(COLLECTED MATERIAL Opens)

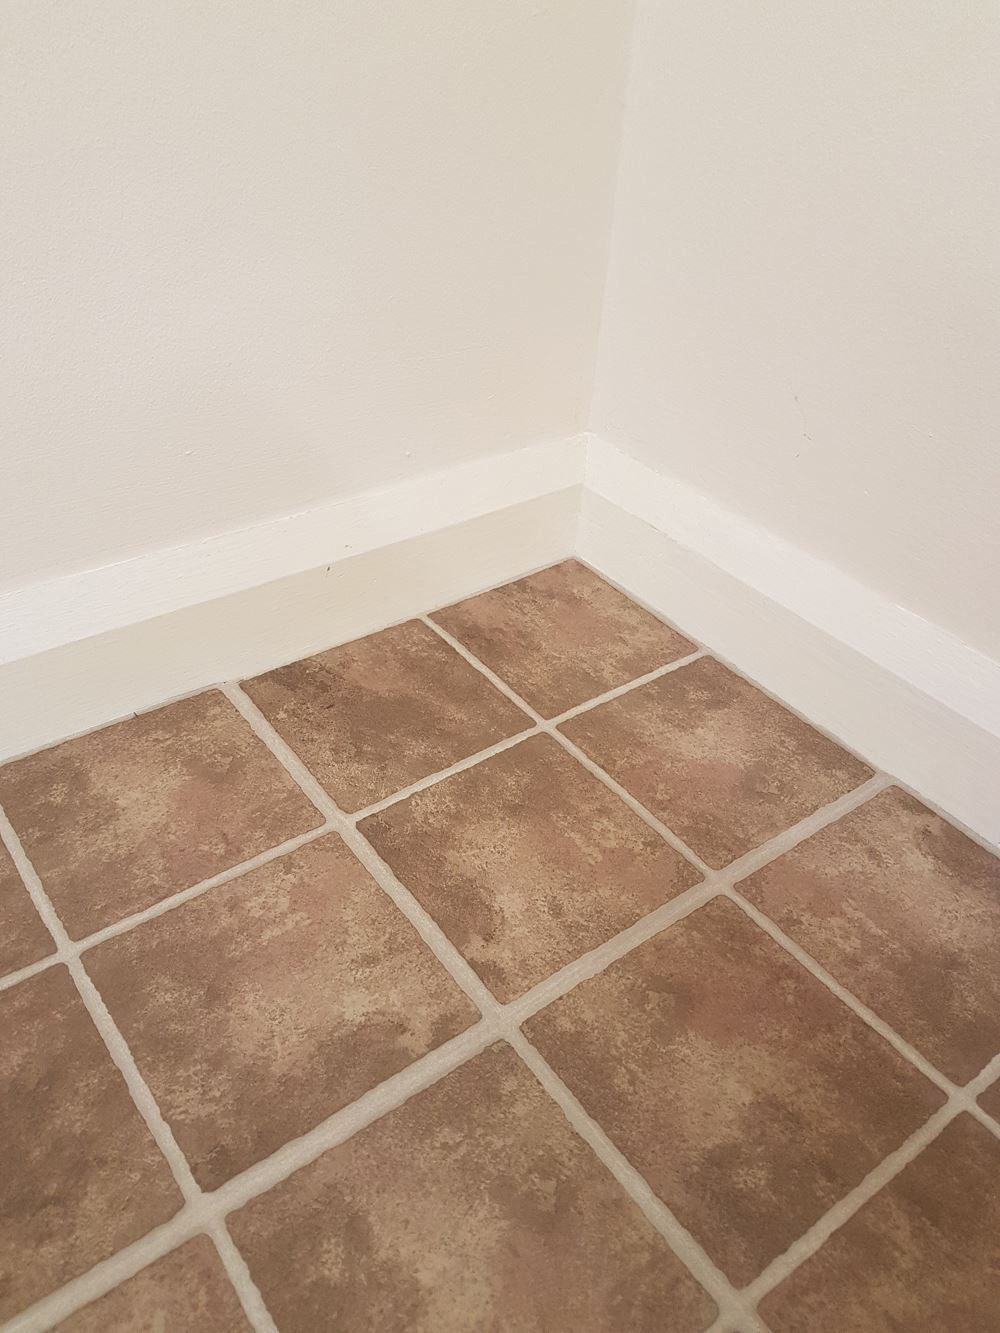 Self Adhesive Bathroom Floor Tiles
 Floor Tiles Self Adhesive Vinyl Flooring Kitchen Bathroom
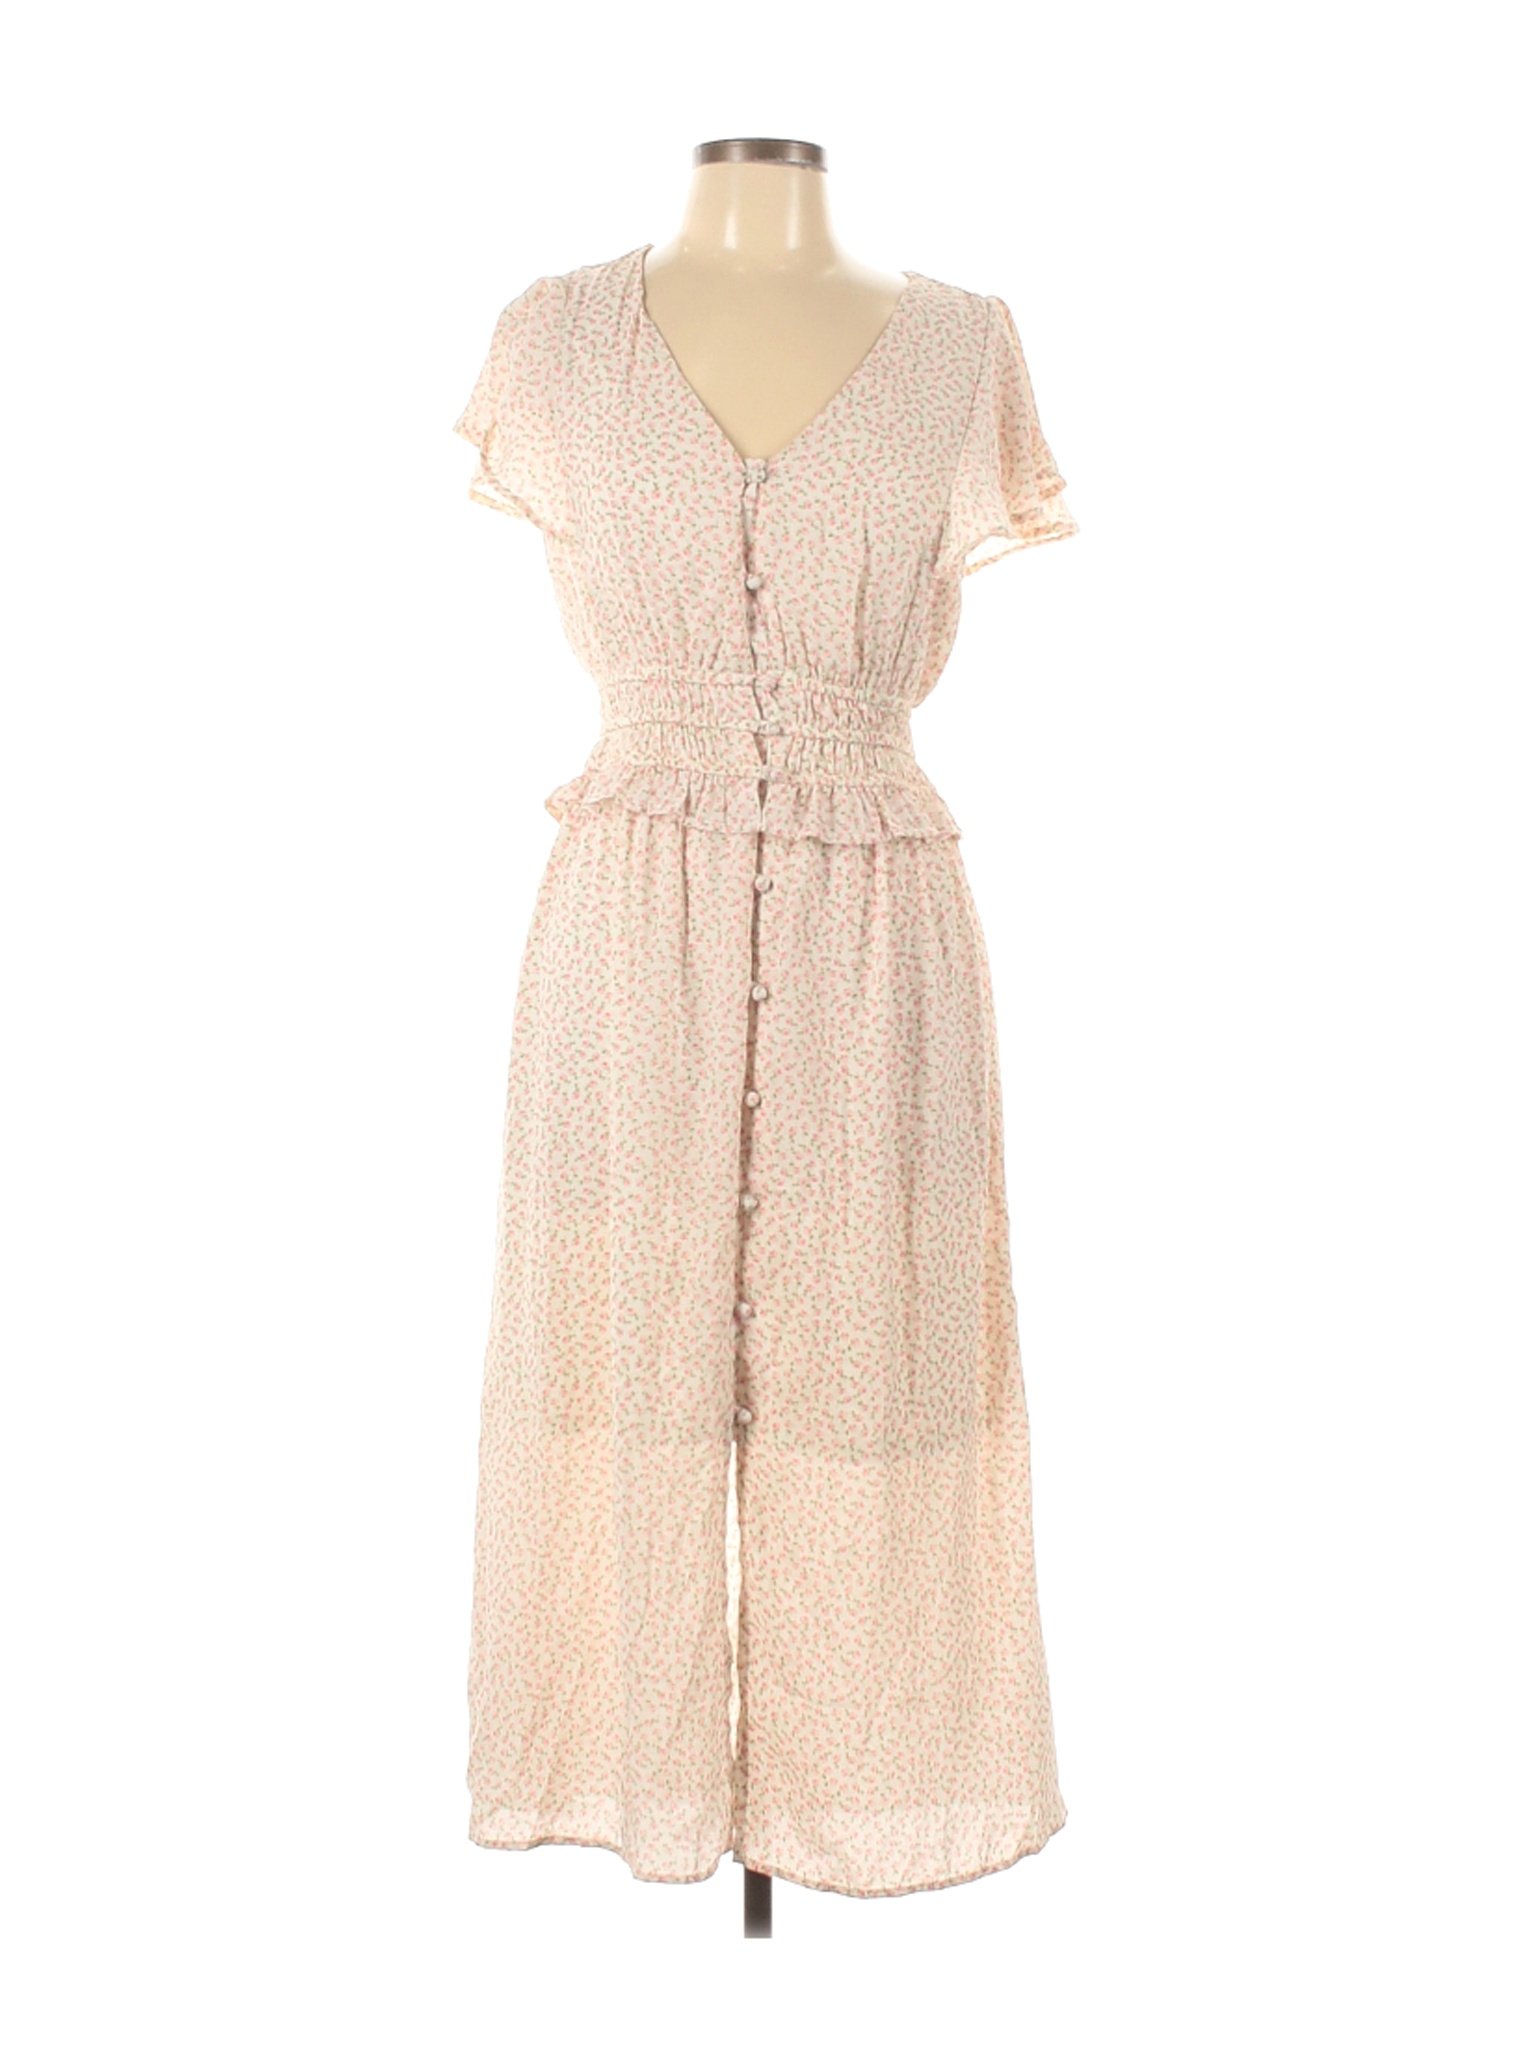 Sienna Sky Women Brown Casual Dress L | eBay

(COLLECTED MATERIAL Closes)

[WHAT THIS TASK INVOLVES]
In the listing above, transcribe exactly the lines from the line containing "Floor Tiles Self" through the last one, both included, but not the pictures.

[EXPECTED ANSWER]
 Floor Tiles Self Adhesive Vinyl Flooring Kitchen Bathroom
 Sienna Sky Women Brown Casual Dress L | eBay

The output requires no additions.